Following the domination of Mercedes in 1997 and 1998, all other manufacturers quit GT1-Class in protest. Faced with the prospect of having to run Le Mans with only Mercedes competing in 1999, the FIA decided to axe GT1 entirely, instead raising the performance ceiling on the GT2 sister class, allowing lesser racing cars the opportunity to go faster. In the early 00s, GT1 class would make somewhat of a return. Now called GTS-Class and featuring tighter restrictions on what does and does not constitute a road car, this shake-up of the regulations saw even more cool racing cars, with Aston Martin entering their DBR9 (which raced under number #007, fnar-fnar), Lamborghini building the Murcielago R-GT and Maserati rounding out the top spot with their Ferrari Enzo derived MC12 GT1.

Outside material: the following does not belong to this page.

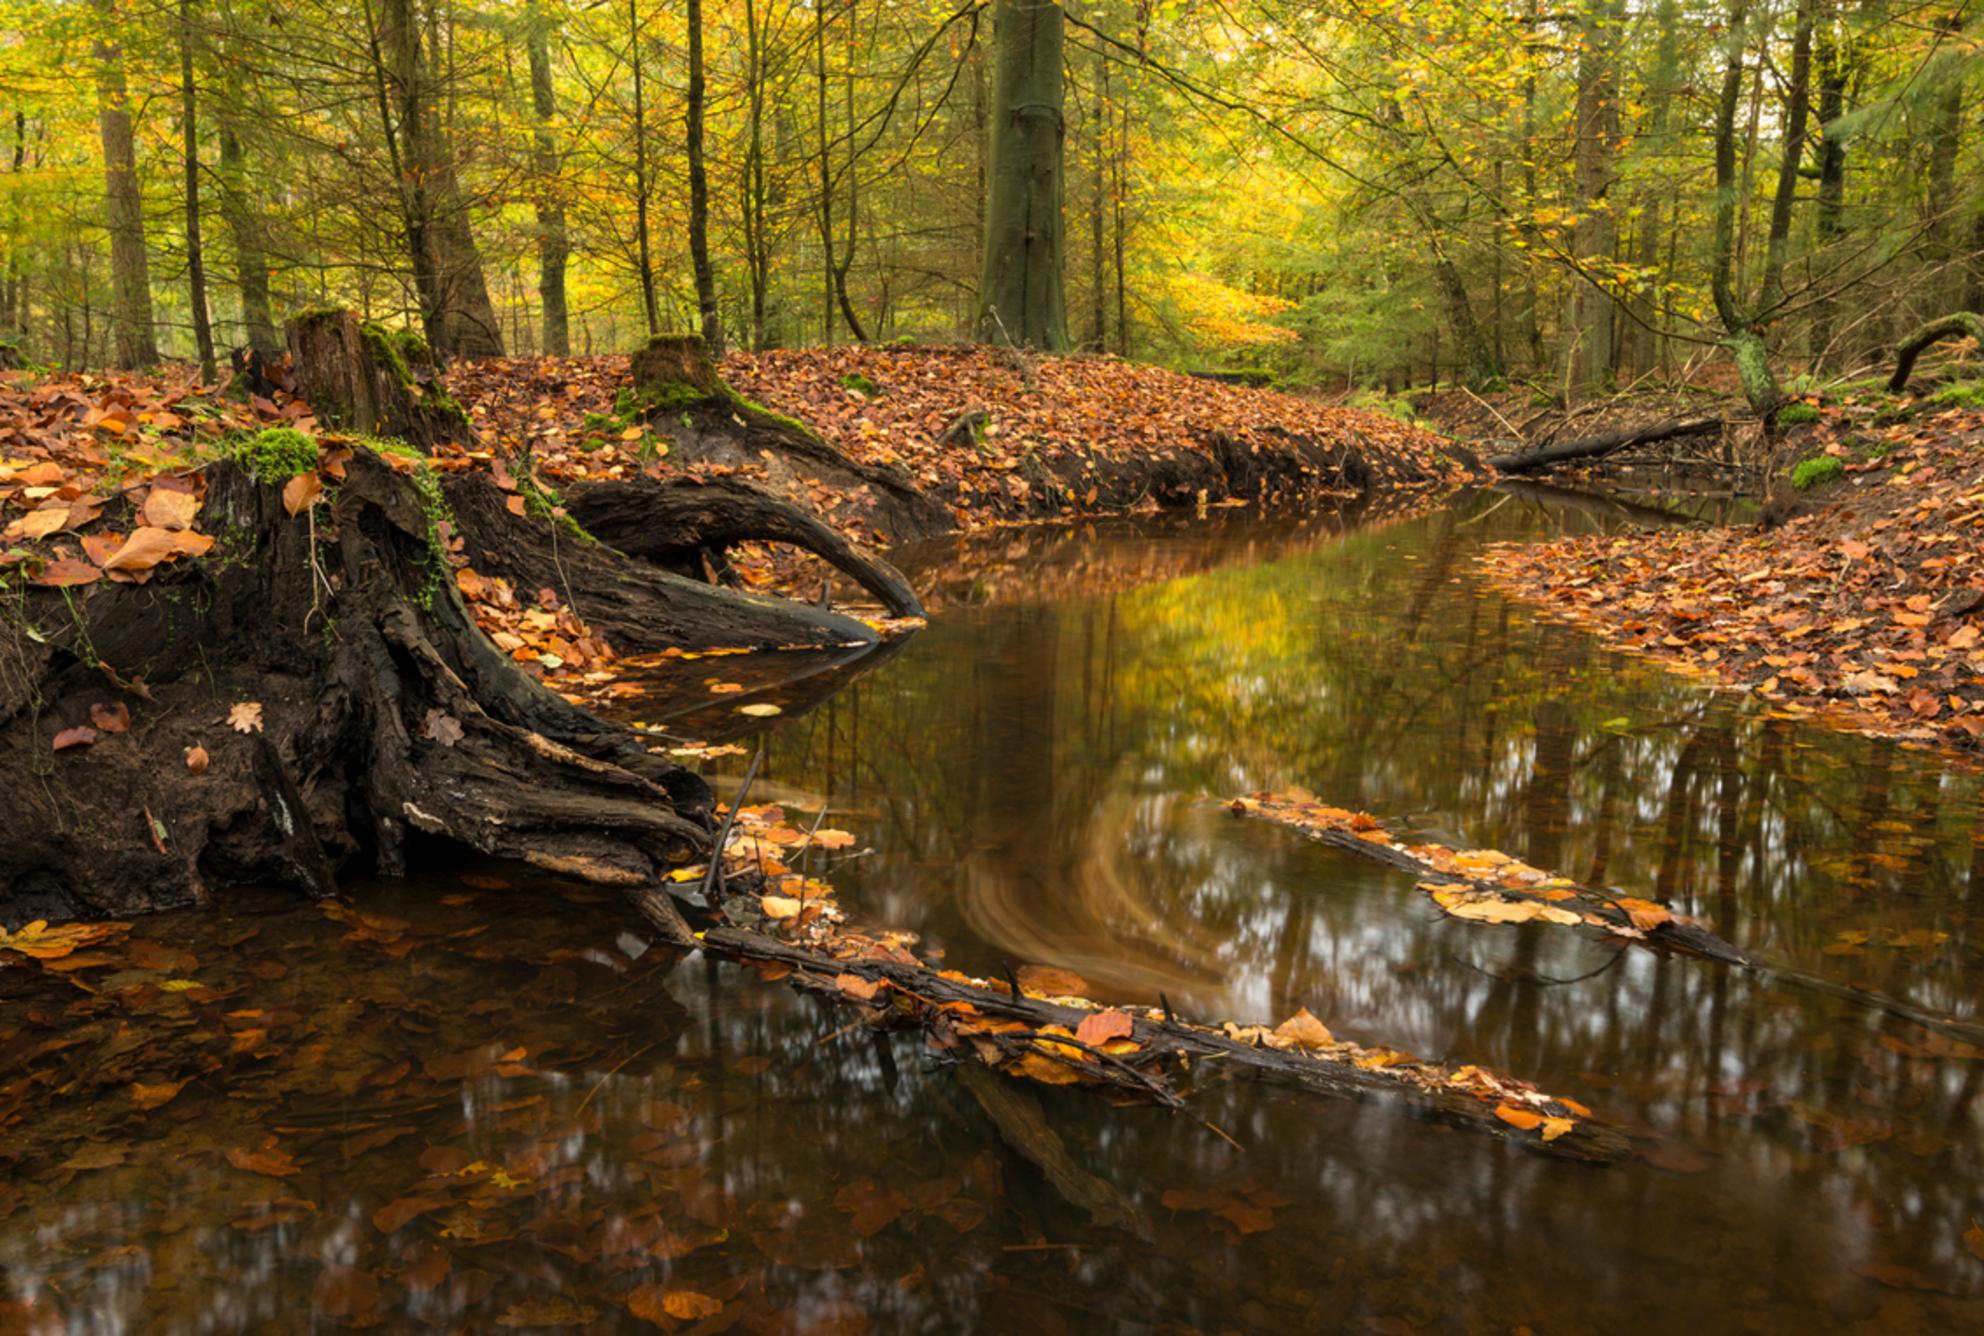 Hersft - Herfst in de Nederlandse bossen, in dit geval de Leuvenumse Beek.  Wegens Corona de trip naar de Hoge Venen in Belgie afgezegd en in Nederland op zo - foto door weimaraan op 03-11-2020 - deze foto bevat: groen, boom, water, natuur, geel, licht, herfst, blad, landschap, bos, nederland, stroom, beek, herfstkleuren, herfstbos - Deze foto mag gebruikt worden in een Zoom.nl publicatie

For me, these cars represented the last hurrah of possibly the greatest period of motorsport, with recognisable silhouettes putting our unthinkable performance, with no mind paid to noise regulation or paddock politics. That’s why I’m so glad that GT1 is making yet another return with LMH (or Le Mans Hypercar) class drawing in the likes of McLaren, Aston Martin and Ford to build top-of-the-tree racing prototypes based on their existing road cars, with Aston’s Valkyrie AMR-LMH (based on the already insane Valkyrie) debuting in 2025 alongside Le Mans royalty like the Ferrari 499P and Porsche 963. Needless to say, if it’s anything like the 90s, we can expect some stellar racing!